3 第1項第1号に規定する医療機器の治験に本手順書を準用する場合には、「治験薬」を「治験機器」に、「治験使用薬」を「治験使用機器」に、「被験薬」を「被験機器」に、「副作用」を「不具合」に適宜、読み替えるものとする。
4 第1項第3号に規定する再生医療等製品の治験を実施する場合には、第2条 第1項の「医薬品の臨床試験の実施の基準に関する省令(平成9年厚生省令第28号)」に替え「再生医療等製品の臨床試験の実施の基準の省令(平成26年厚生労働省令第89号)」を適用する。
5 第1項第3号に規定する再生医療等製品の治験に本手順書を準用する場合には、「治験薬」を「治験製品」に、「治験使用薬」を「治験使用製品」に、「被験薬」を「被験製品」に、
「副作用」を「不具合」に適宜、読み替えるものとする。
6 第1項第4号に規定する医薬品等の製造販売後臨床試験に本手順書を準用する場合には、
「治験」とあるのは「製造販売後臨床試験」と読み替えるなど、医薬品の臨床試験の実施の基準に関する省令(平成9年厚生省令第28号)第56条に準じた読み替えを行うものとする。

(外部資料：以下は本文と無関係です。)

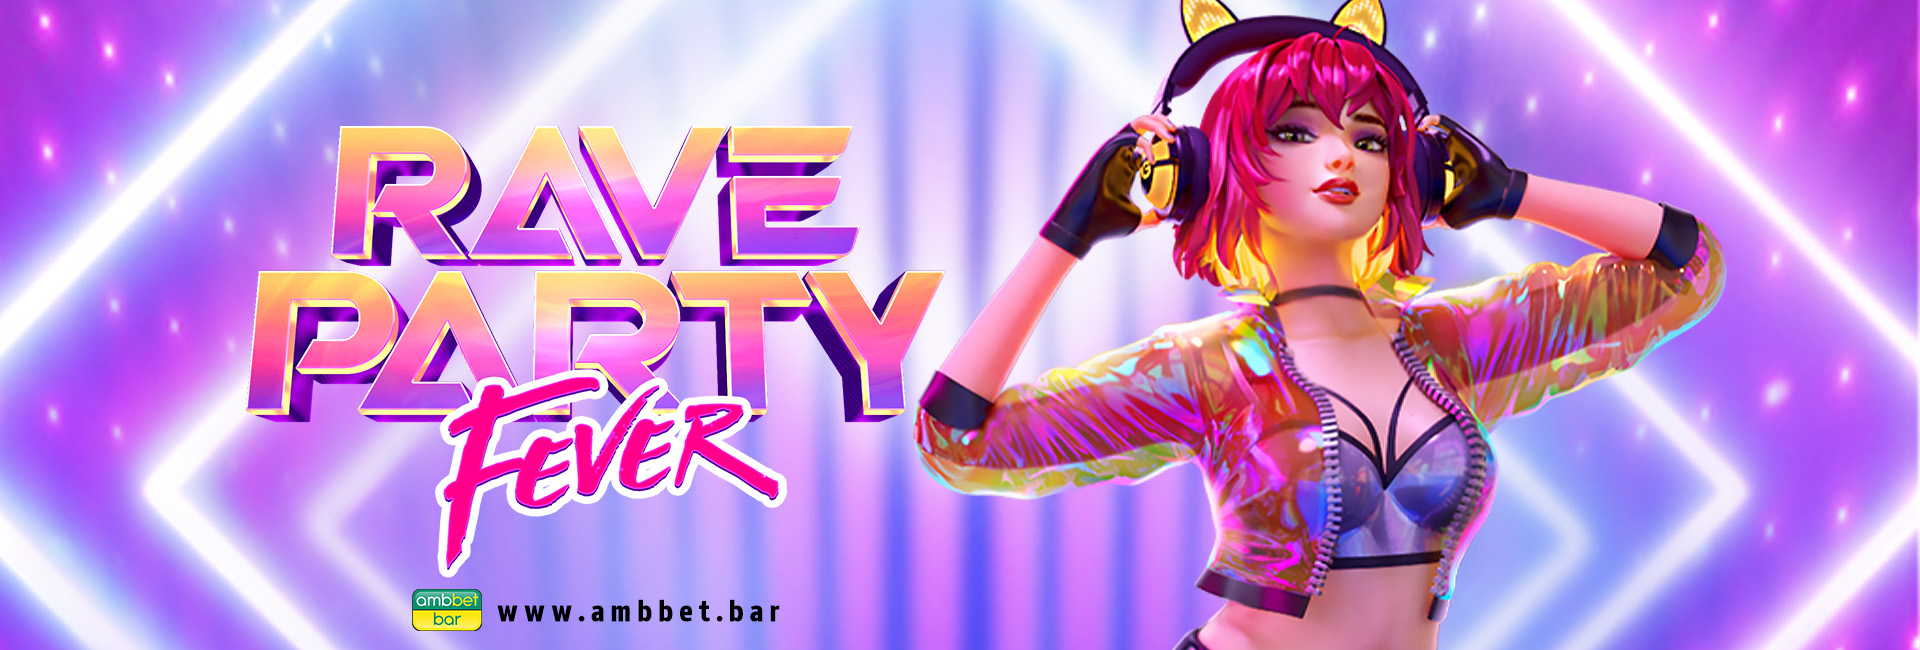 Rave Party Fever รีวิวเกมสล็อต

第53条 本手順書の改正は、委員会の審議に基づき、病院長の承認により行う。
1.この手順書は2017年4月1日から施行する。
2.2018年10月10日一部改正
改正に伴い、藤田保健衛生大学病院治験支援部門細則(平成26年10月1日施行)は、廃止する。
3.2019年4月1日一部改正
4.2020年4月1日一部改正
改正に伴い、藤田医科大学病院治験取扱規程(平成10年4月1日施行)は、廃止する。
5. 2022年4月1日一部改正
6. 2022年12月1日一部改正
7. 2024年2月1日一部改正
改正後の第12条の規定は2023年9月1日から適用する。